Yaptırım: 200.000 TL idari para cezası.

Kararın detaylarına buradan ulaşabilirsiniz.

2023/845

Alt-işverenlik veya benzeri bir çerçevede veri sorumlusu adına çalışan tüm kişilere de veri sorumlusunun kişisel verilerin korunması eğitim verme yükümlülüğü vardır.

Bu eğitim verme yükümlülüğü sorumlusunun kendi personeli ile sınırlandırılmamıştır.

Yorumumuz:

Olayda “geçici çalışma”, “alt-işverenlik” benzeri bir çalışma modeli olduğu anlaşılmaktadır.

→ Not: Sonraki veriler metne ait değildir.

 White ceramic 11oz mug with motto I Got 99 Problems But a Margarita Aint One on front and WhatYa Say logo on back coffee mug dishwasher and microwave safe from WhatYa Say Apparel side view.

Zira kanımızca iki ayrı veri sorumlusu (örneğin, e-ticaret sitesi ve kargo şirketi) olduğu ve aralarında “geçici çalışma”, “alt-işverenlik” benzeri bir çalışma modeli olmadığı durumlarda her bir veri sorumlusunun kendi personeline eğitim vermesi beklenmelidir.

Tedarikçi Çalışanının Kargo Alıcısını Telefon ile Taciz Etmesi

Karara konu olayda bir online alışveriş sitesi üzerinden yaptığı alışveriş sonrası ilgili kişiye, ürünü getiren kurye taciz içerikli mesajlar göndermiştir.

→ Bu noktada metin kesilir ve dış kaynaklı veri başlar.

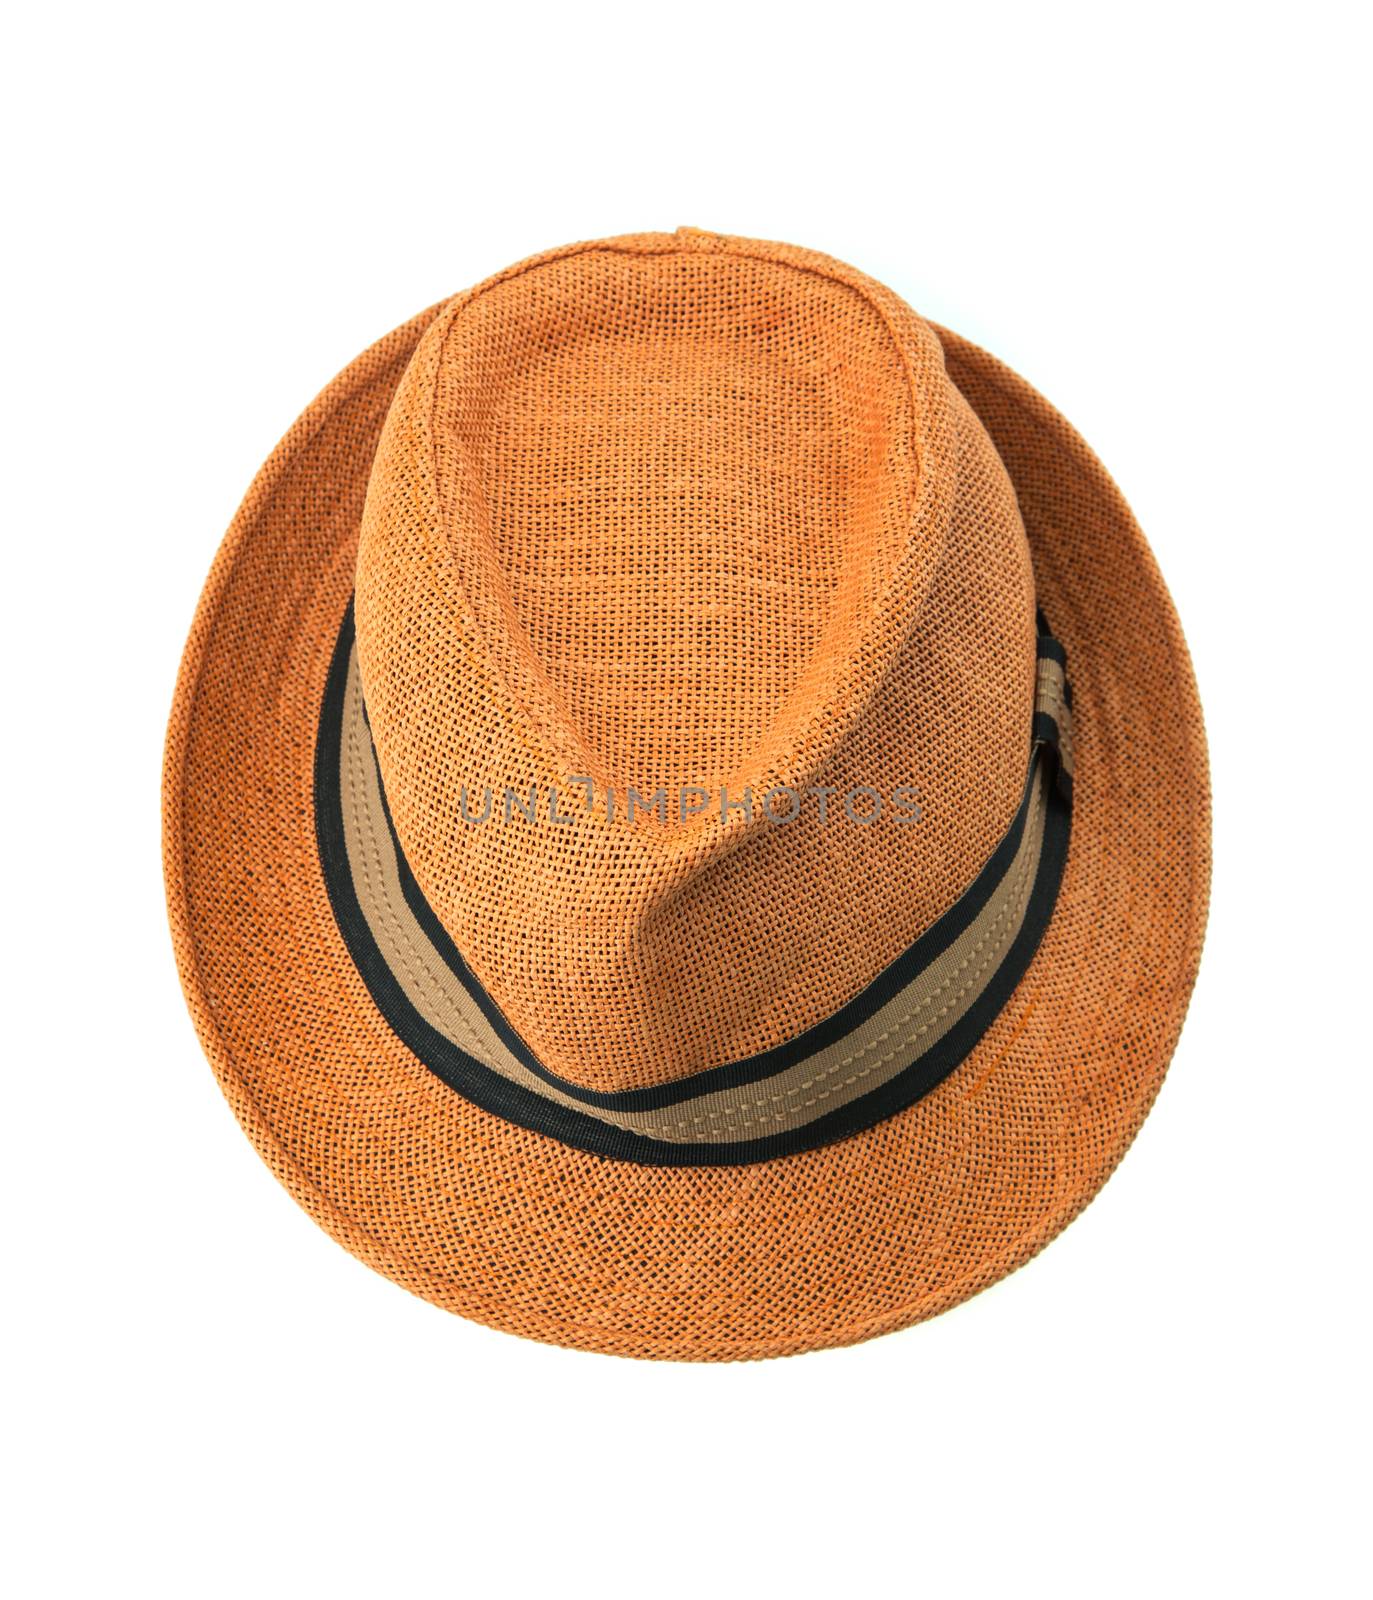 Vintage straw hat for man isolated on white background.

Kurul değerlendirmesinde, her ne kadar söz konusu işlemi gerçekleştiren kurye doğrudan veri sorumlusunun kendi çalışanı olmasa da -olayda kurye, veri sorumlusunun dağıtımda destek hizmeti aldığı tedarikçi tarafından görevlendirilmiş bir kişidir- veri sorumlusu adına çalışan bu kurye yönünden de veri sorumlusunun kişisel verilerin korunması ve veri güvenliği konusunda eğitim verme ve bilgilendirme yapma yükümlülüğü bulunduğunu belirtmiş ve bu yükümlülüğünü yerine getirmeyen veri sorumlusunun veri güvenliğini sağlama yükümlülüğüne aykırı hareket ettiğine karar vermiştir.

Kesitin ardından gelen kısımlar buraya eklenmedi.